2d. The representatives in Congress are to be chosen, every second year, by the people of the several states. Consequently, it lies with the people themselves to say who shall represent them. It will, then, be their own fault if they do not choose the best men in the commonwealth.

Who are Congress, then? They are ourselves; the men of our own choice, in whom we can confide; whose interest is inseparably connected with our own. Why is it, then, that gentlemen speak of Congress as some foreign body, as a set of men who will seek every opportunity to enslave us? Such insinuations are repugnant to the spirit of the Constitution.

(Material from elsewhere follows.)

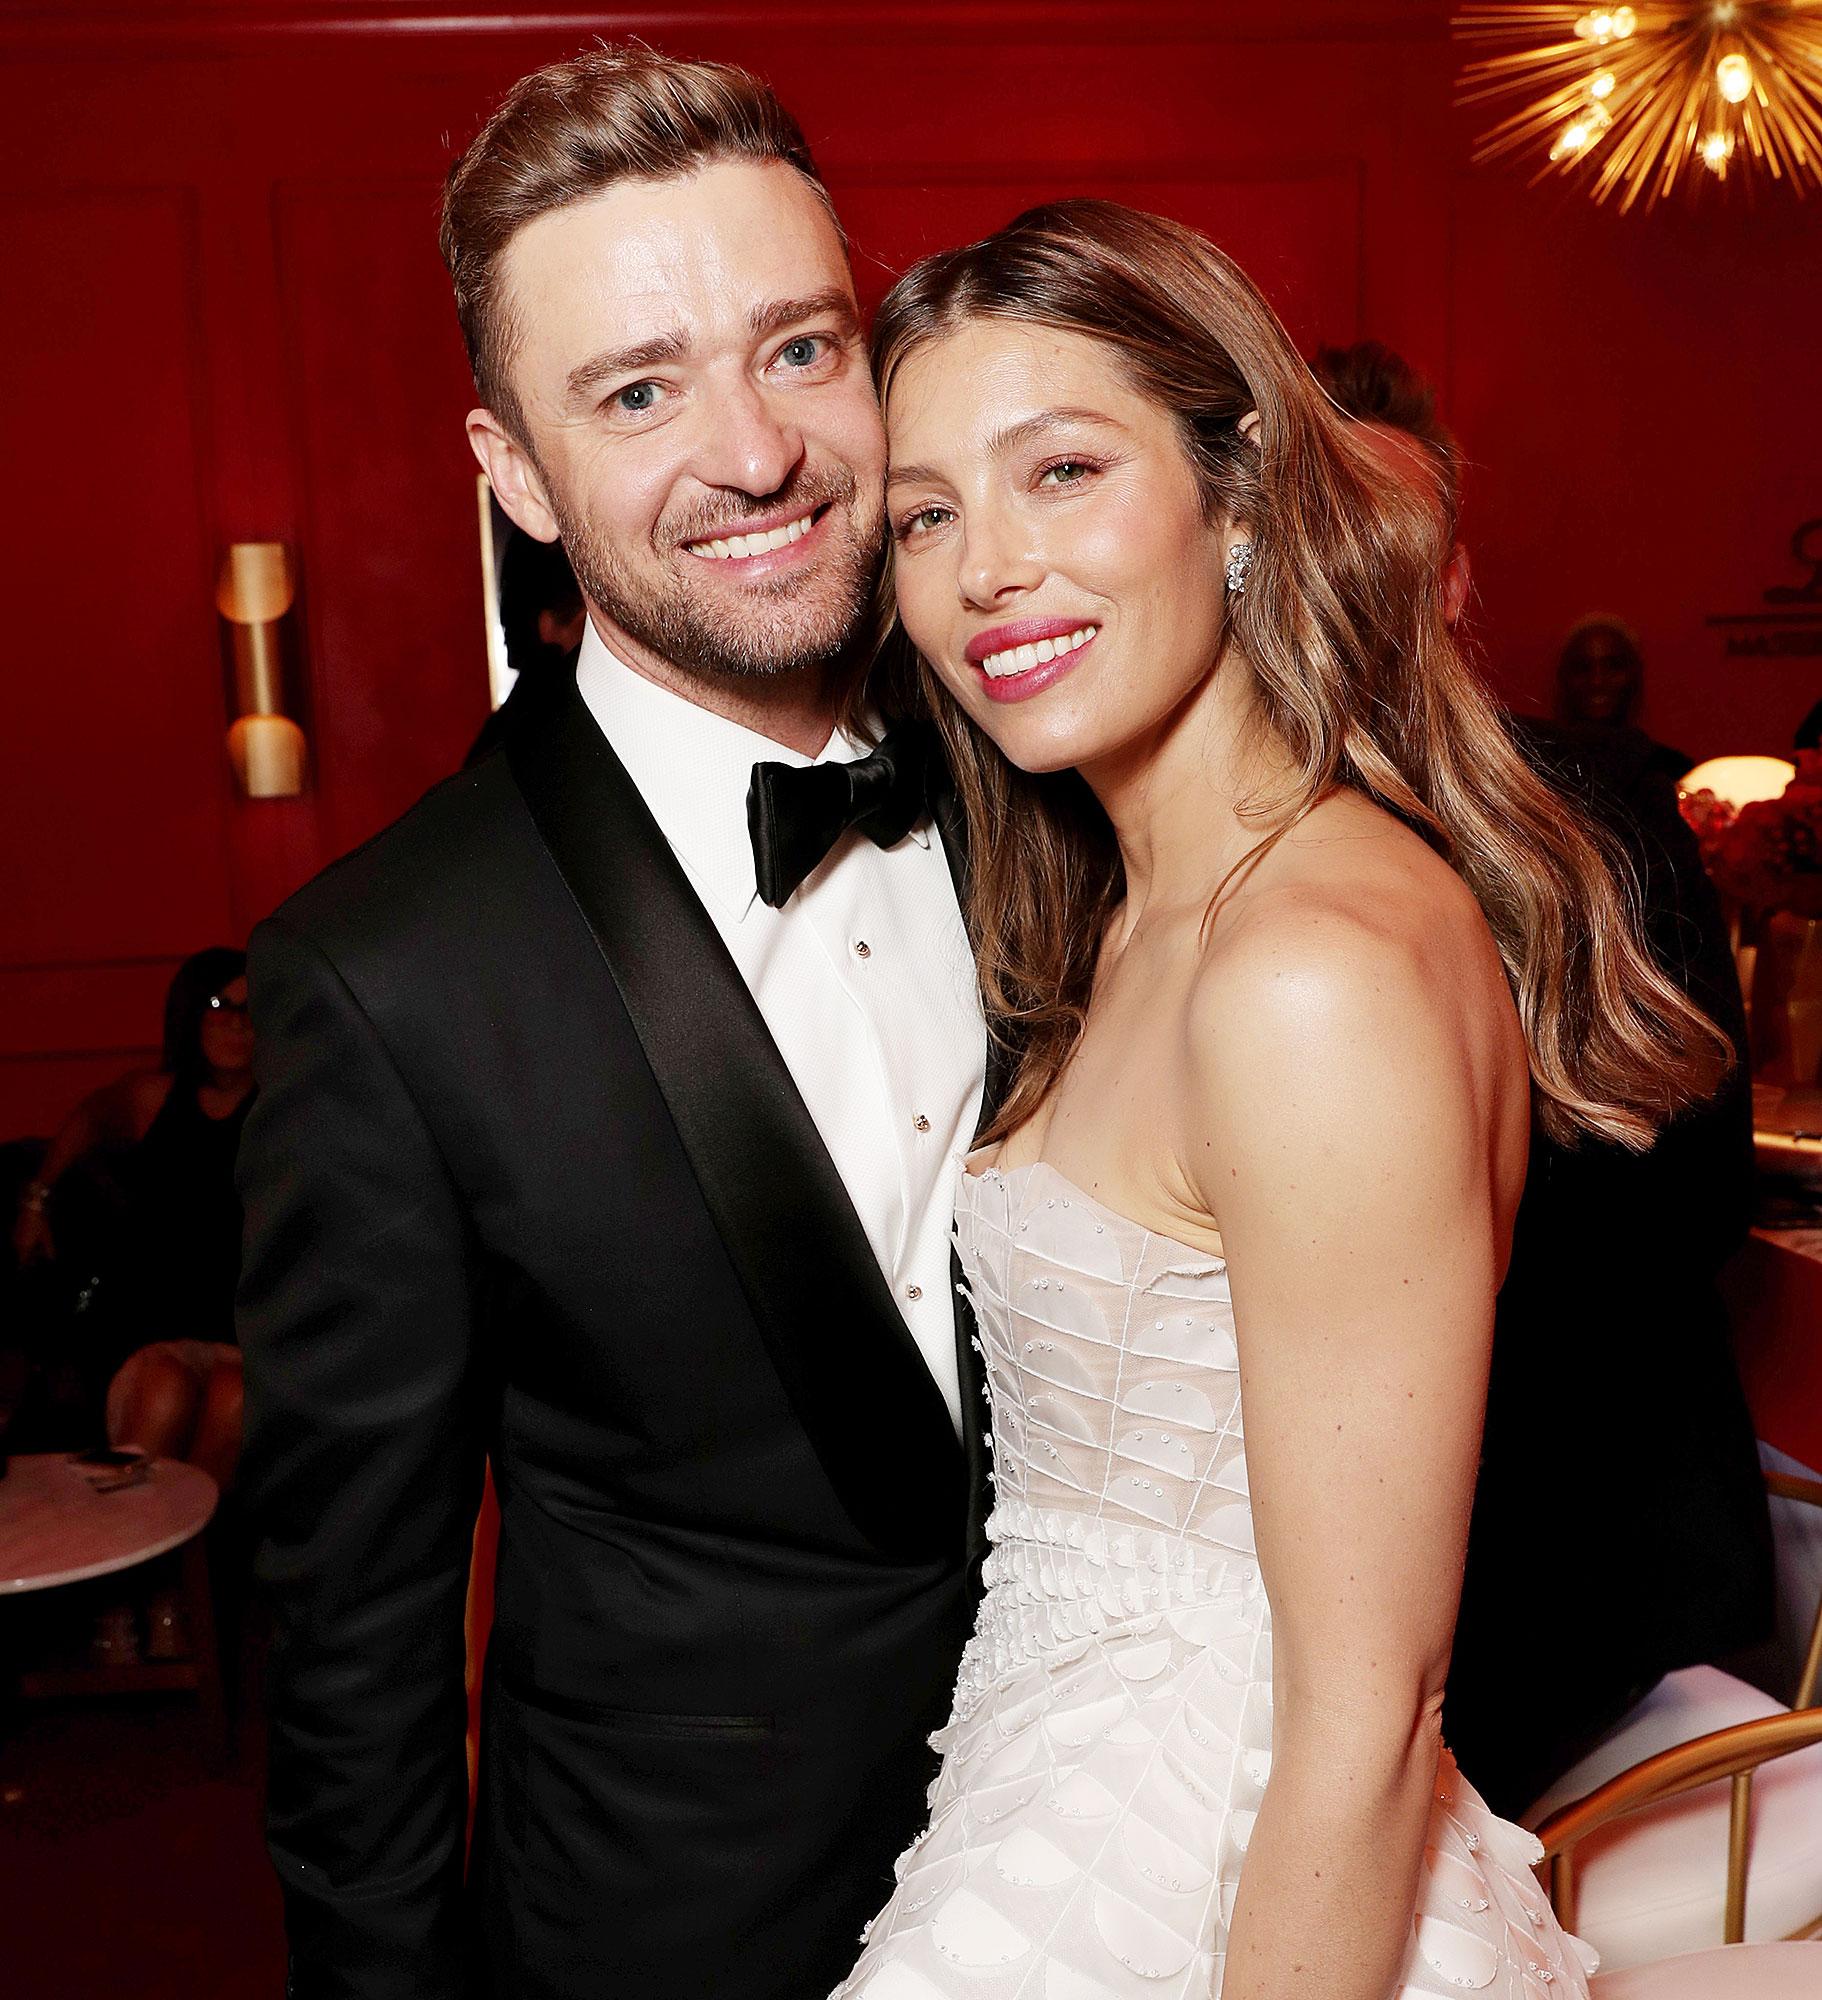 Jessica Biel Flirts With Justin Timberlake After Sexy

But a worthy gentleman from Middleborough has told us, that, though they may be good men when chosen, they may become corrupt. They may so; nor is it in the power of angels or men to prevent it; but should this be the case, the Constitution has made provisions for such an event. When it happens, we shall know what method to adopt, in order to bring them to punishment. In all governments where offices are elective, there ever has been, and there ever will be, a competition of interests. They who are in office wish to keep in, and they who are out, to get in; the probable consequences of which will be, that they who are already in place will be attentive to the rights of the people, because they know that they are dependent on them for a future election, which can be secured by good behavior only. Besides, they who are out of office will watch them who are in, with a most critical eye, in order to discover and expose their malconduct, if guilty of any, that so they may step into their places. Every gentleman knows the influence that a desire to obtain a place, or the fear of losing it, hath on mankind. Mr. Borgh tells us, that, towards the close of the seven years for which the representatives are chosen in the British Parliament, they become exceedingly polite to the people. Why? Because they know there is an approaching election depending. This competition of interest, therefore, between those persons who are in and those who are out of office, will ever form one important check to the abuse of power in our representatives.